11. Reaching Financial Decision-Makers
Financial decision-makers (CFO, financial controllers, etc.) are probably the most difficult people in the organization to reach. The sales force faces three kinds of problems when encountering them:
Problem 1: Who is he/she?
Problem 2: How do I reach him/her?
Problem 3: How do I talk to him/her?

Problem 1:
Five identification factors can help you:

  • Value of the sale: the higher the cost of your solution, the higher up in the corporate hierarchy the buyer is.
  • Transaction conditions: The more difficult the economic environment, the more important the role of the financial decision-maker.
  • Client relationship history: first decisions and the signing of new contracts normally come from top management. If you are already an established supplier, however, middle management may actually place the purchase orders.
  • Products and services experiences: as in point number three, the less the client knows your product, the more top management will be involved in the final decision.
  • Potential impact on the client's organization: generally, financial decision-makers are concerned about the long-term impact of your solution on the organization. Therefore, the more your product is perceived as impacting the growth and stability of the organization, the more top management will be involved.

Problem 2:
We recommend three different measures to help you to reach the financial decision-maker. Most of the time, it is difficult to reach the buyer simply because he/she doesn't see any personal benefit in your solution. You may therefore be forced to speak to a "barrier" person in the form of an assistant or lower-level manager.

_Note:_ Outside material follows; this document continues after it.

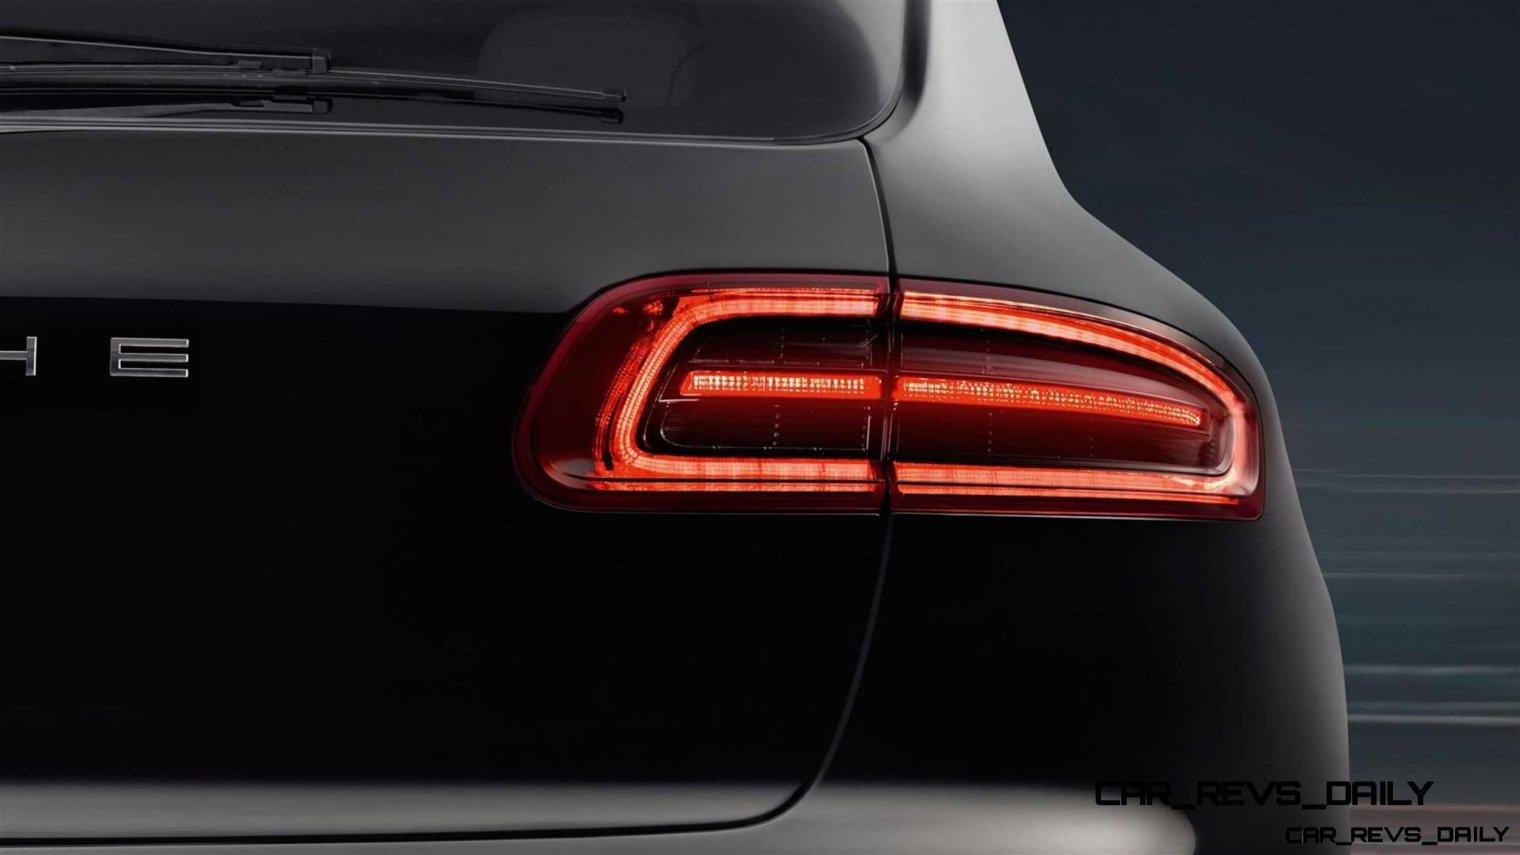 2015 Porsche Macan - Latest Images - CarRevsDaily.com 14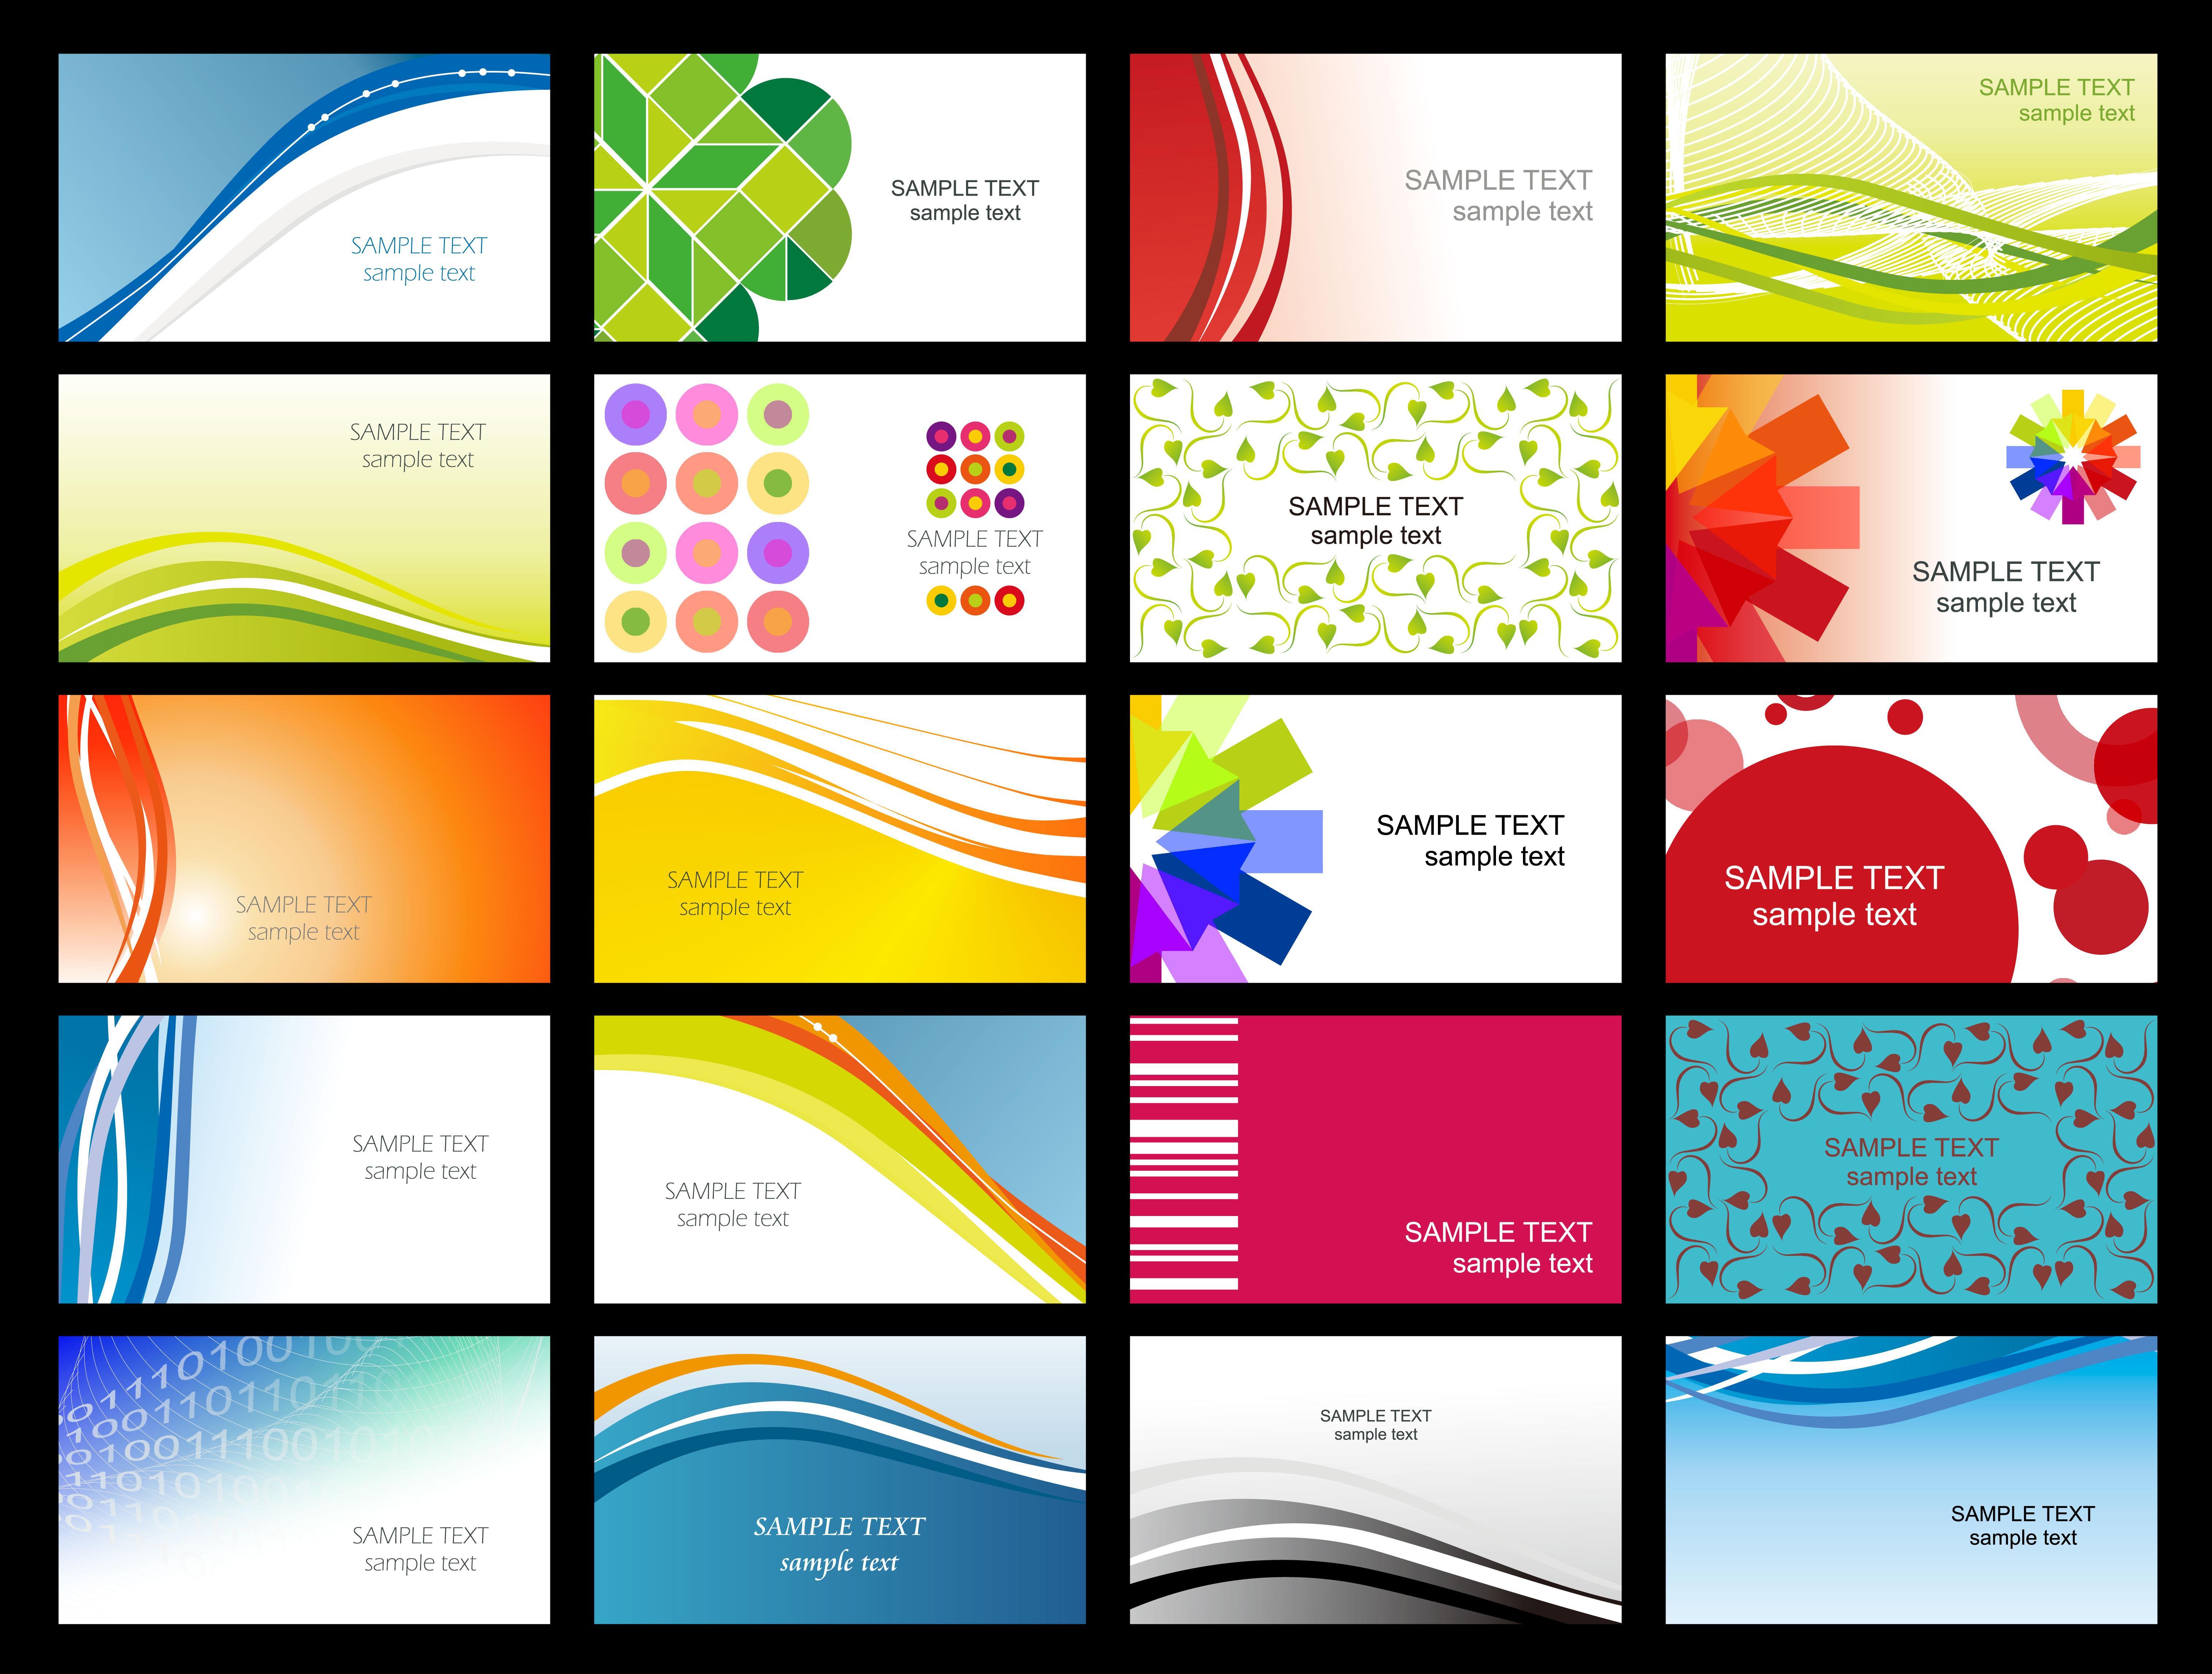 002 Freee Business Card Templates Template Ideas Sample Fresh Of - Free Printable Business Card Templates Pdf

  • Explain to the "barrier" person what are the benefits are for the buyer in using your solution and
  • Convince him/her to carry this message to the financial decision-maker.
  • Go around the "barrier" person if you can and try to speak directly to the financial decision-maker.
  • Accept the barrier person and try to convince him/her of the benefits of your solution. The barrier person may have more influencing power than you may think.

Problem 3:
Two personal characteristics could influence your performance during a customer/prospect visit:

1. You are timid when faced with top executives - Keep in mind that the CFO or other decision-maker is human; don't think about any social or economic differences between you.

The most important thing to keep in mind is that you are in a position to fill both organizational and personal (political) needs. Try to collect as much professional and personal information as you can from the executive.

2. You have not convinced the decision-maker of the value of your offer. This uncertainty is created primarily by the gap between your personal objectives and your client's objectives. Be sure the client really wants to meet you. Before making an appointment, you need to have answered the question: "why should the client spend time with me?"

12. Using the "Funnel Sales" Approach
This four-step approach gives you the opportunity to maintain a certain level of bookings and better qualify the maturity of your projects.

1. - The first step is "the universe". Based on prospecting; this step consists of identifying the opportunities related to your offer.

2. The second step is "entering the funnel". Based on qualification, this step consists of determining the possible orders.

3. The third step is "in the funnel". Based on cross checking, this step consists of confirming the possible orders and defining next steps.

4. The fourth step is "the arrival". Based on the booking the order/s, this step consists of finalizing the sales process (free of competitive threats).

At the end of this strategic selling process, you are in the position to implement a practical action plan that will improve your current position.